E ele começa com a picanha, corte que, segundo reza a lenda, nasceu em terras brasileiras. "Este corte, no entanto, é também muito consumido na Áustria, chamada de tafel spitz", comenta Wessel, húngaro de nascença. Se o destino certo desta carne é a churrasqueira para o brasileiro, a panela é o caminho indicado no país europeu. "Eles fazem como um cozido, servido com raiz-forte", completa.

Kobe beef grelhado, um dos destaques do Varanda

Ao comprar a picanha, é importante ficar atento ao peso. Segundo o Serviço de Informação da Carne (SIC), cada peça deve ter entre 1 quilo e 1,5 quilo. Se for maior, há uma parte de coxão duro que não foi separada do corte. A atenção também é dispensada à capa de gordura da peça - se ela for muito grande, o consumidor vai pagar mais por um corte mais pesado, que não será aproveitado. "A espessura ideal é de 1 centímetro", explica Wessel. Uma capa maior não trará mais sabor. A dica também é escolher o corte que tenha gordura de cor amarelo claro.

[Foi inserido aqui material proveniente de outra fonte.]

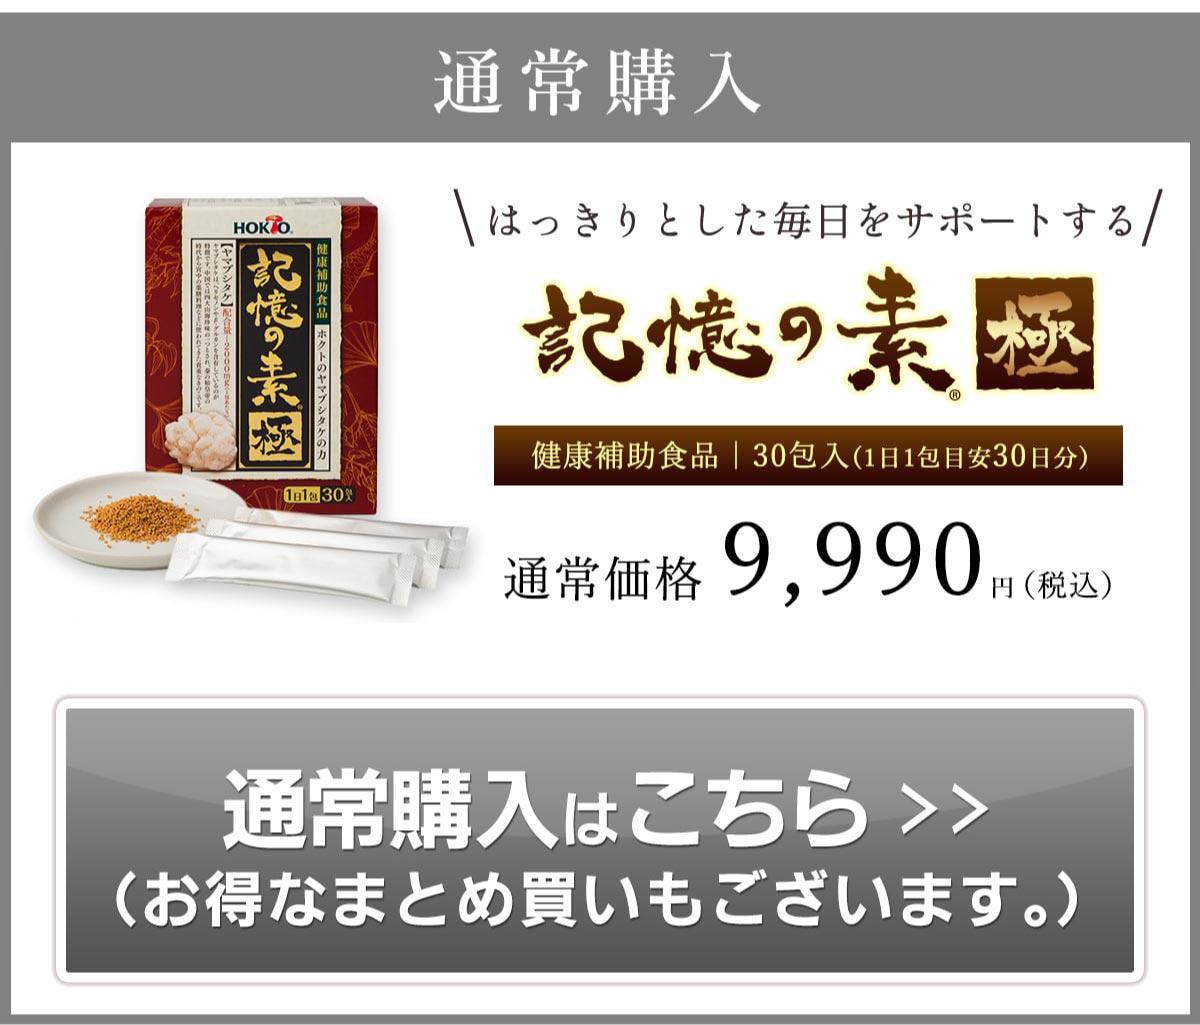 通常購入9,990円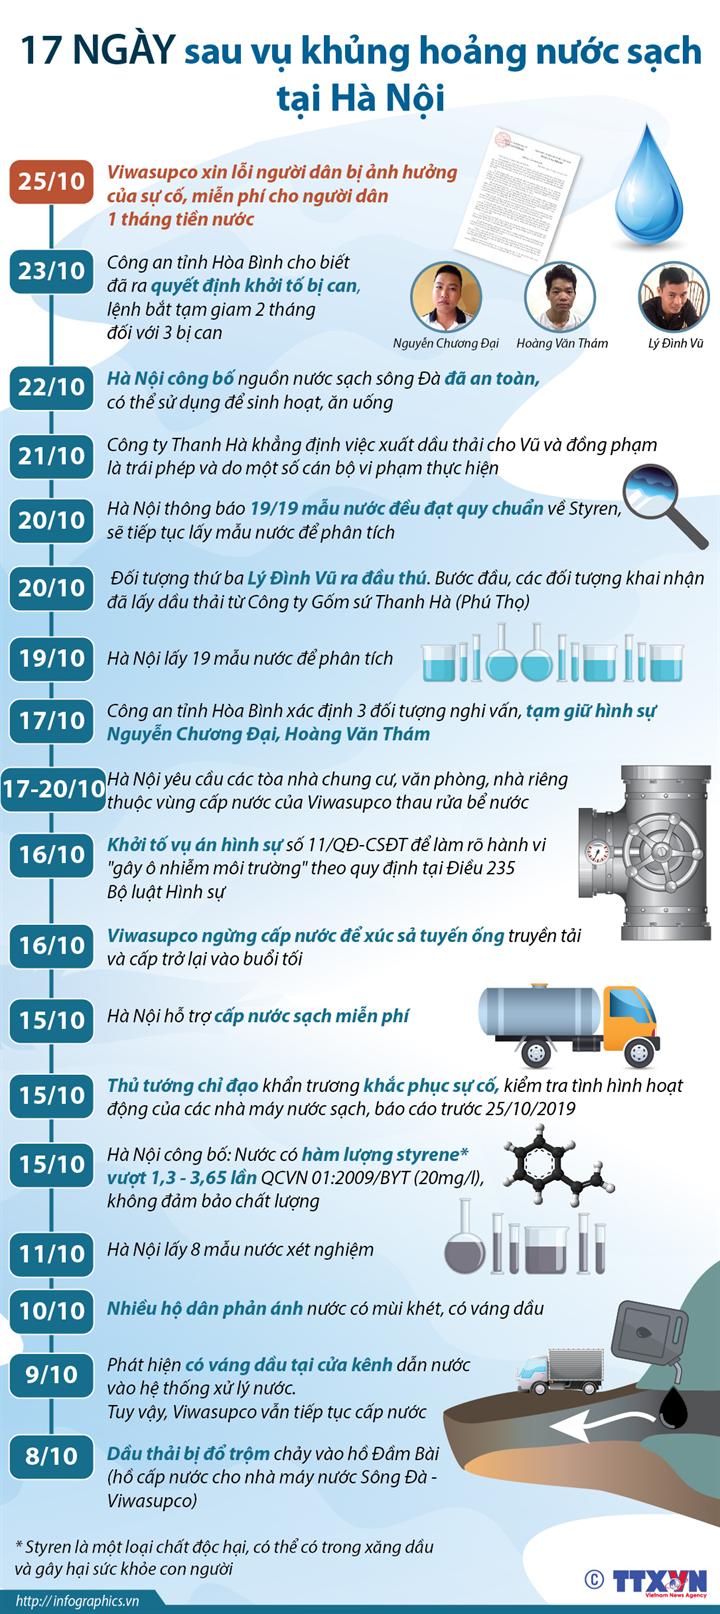 17 ngày sau vụ khủng hoảng nước sạch tại Hà Nội

A coloração costuma ser um indicativo da idade do boi - se mais escura, pode ser de um animal mais velho. Visualmente, a peça inteira de picanha tem um formato triangular. Quando retiradas suas pontas e cortada como um "retângulo", ela é chamada de bife de tira - o corte que Lazzarini sugere preparar na churrasqueira. Mas se grelhada é o sucesso nacional, a picanha também é muito bem-vinda ao forno. "Muitos clientes que não têm churrasqueira compram para fazer assada", diz Freddi. Na receita de Bassi, é preciso deixar o forno bem quente (250oC) antes de colocar a carne.

Outro conselho é retirar a carne da geladeira antecipadamente para chegar à temperatura ambiente. "Assim não acontece um choque térmico na carne, que pode prejudicar seu cozimento", justifica Bassi. Ela deve ser temperada com sal cinco minutos antes de entrar no forno, quando deve ficar com a gordura virada para cima. "A picanha vai inchar bem e quando der uma leve entortada na ponta, depois de aproximadamente 40 minutos, estará pronta", finaliza Bassi. "A carne ganha um sabor bem mais amanteigado, quando preparada no forno", completa Lazzarini.